The construction industry is considered to be the main industrial polluter and exploits large quantity of our natural resources. Concrete is the most common building material in the globe. It is a manmade material which consists of aggregates bonded together with Portland cement and water. However, with the increase in demand of concrete, the demand of natural aggregates has been increased. As stated by Tsuno (2006), the global consumption demand for the natural aggregates ranges from 9 – 12 billion tons after the year 2010. With this demand, it leads to quarrying causing the depletion of our natural resources.
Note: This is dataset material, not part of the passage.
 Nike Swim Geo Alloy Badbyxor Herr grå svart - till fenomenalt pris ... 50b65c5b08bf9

The issue on the sustainability of our natural resources is posing some serious environmental threats and gaining worldwide concern. Hence it is necessary to find a suitable substitute which would help to control the rate of extraction of materials from quarries.
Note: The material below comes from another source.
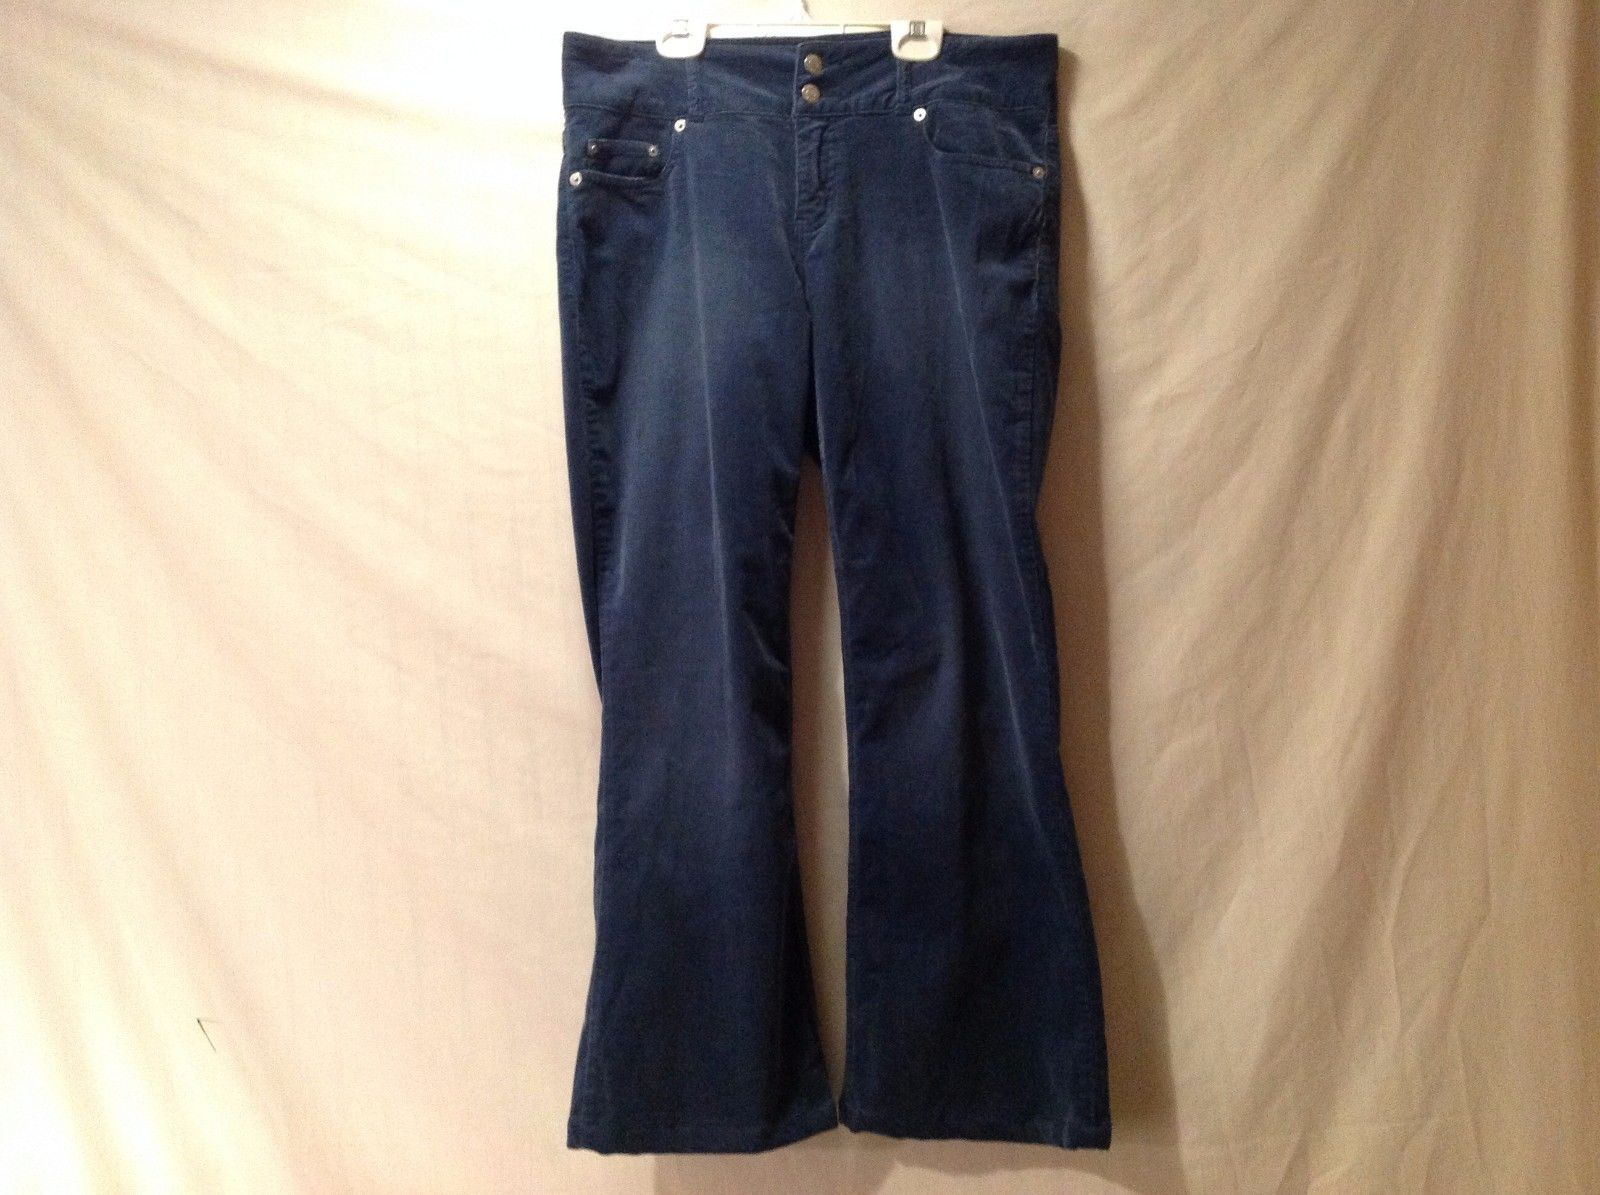 Great Condition London Jean Size 10 Cotton Blend Blue Corduroy Stretch Pants

On the other hand, the global production of demolished concrete is estimated to range from 7.5 – 12.5 billion tons in the year 2017 (Mohammed, 2007). Demolition and construction waste are generated every year around the world due to the following reasons: (i) many old buildings, bridges, concrete pavements and other structures have overcome their age limit of use due to structural deterioration and need to be demolished (ii) structures are turned into debris resulting from natural disaster, and (iii) creation of building wastes resulting from manmade disaster. Continuously generated demolition and construction wastes are just being dumped in landfills. Disposal of these wastes is a very serious problem because it will require a large area of land and this tends to be difficult to find. So it is a must that the construction and demolition wastes will be accounted properly.
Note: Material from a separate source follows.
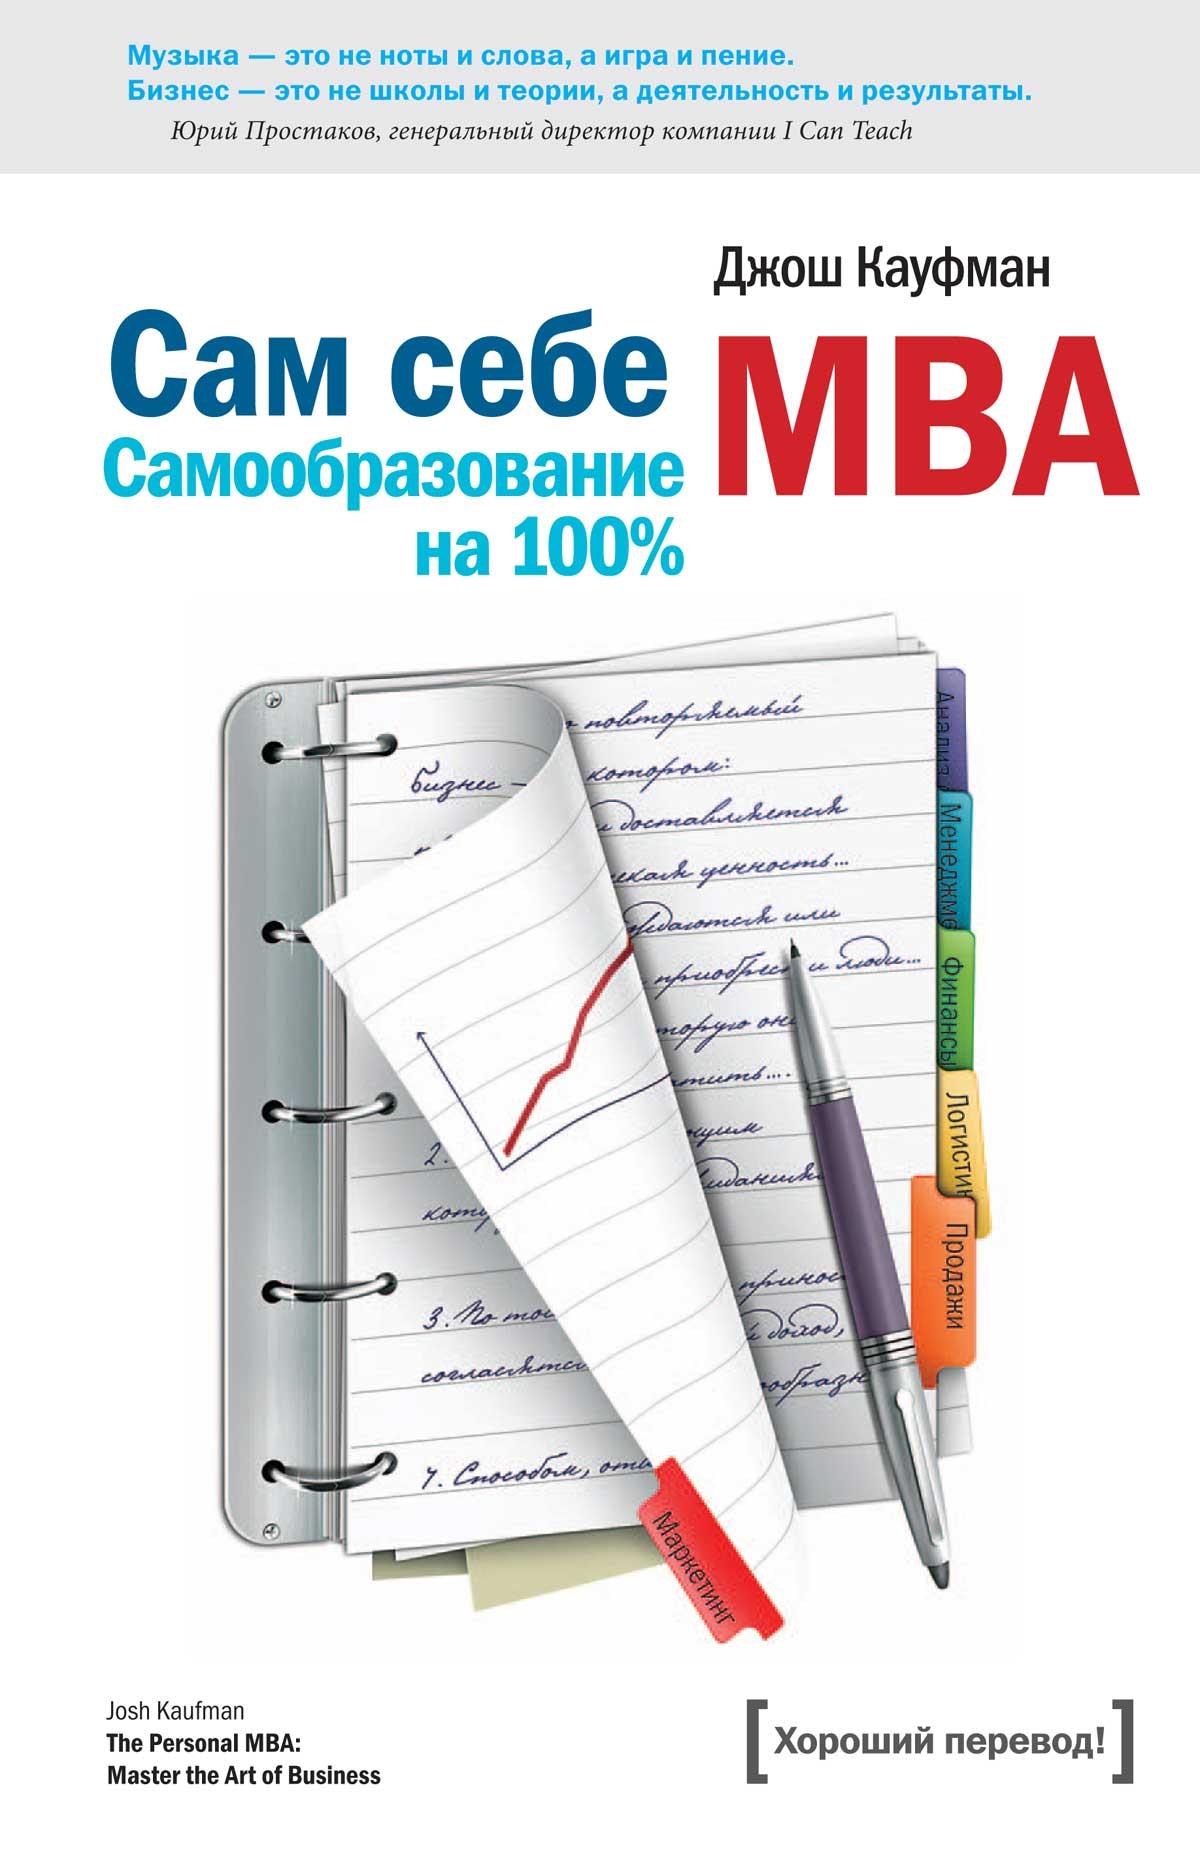 Сам себе MBA. (Самообразование на 100% )

Many provinces here in the Philippines do not produce crushed stones but they do have a need for aggregates and these could be replaced with the recycled concrete (Ganiron Jr., 2015). Recycling demolished concrete as coarse aggregate in a new concrete is one of the best solutions to address the problems. This would help in reducing the detrimental environmental impacts and dealing with the construction wastes. Also, according to a report from the Iowa State University, the recycled concrete aggregate can reduce costs, and project delivery time (Garber, et al., 2011).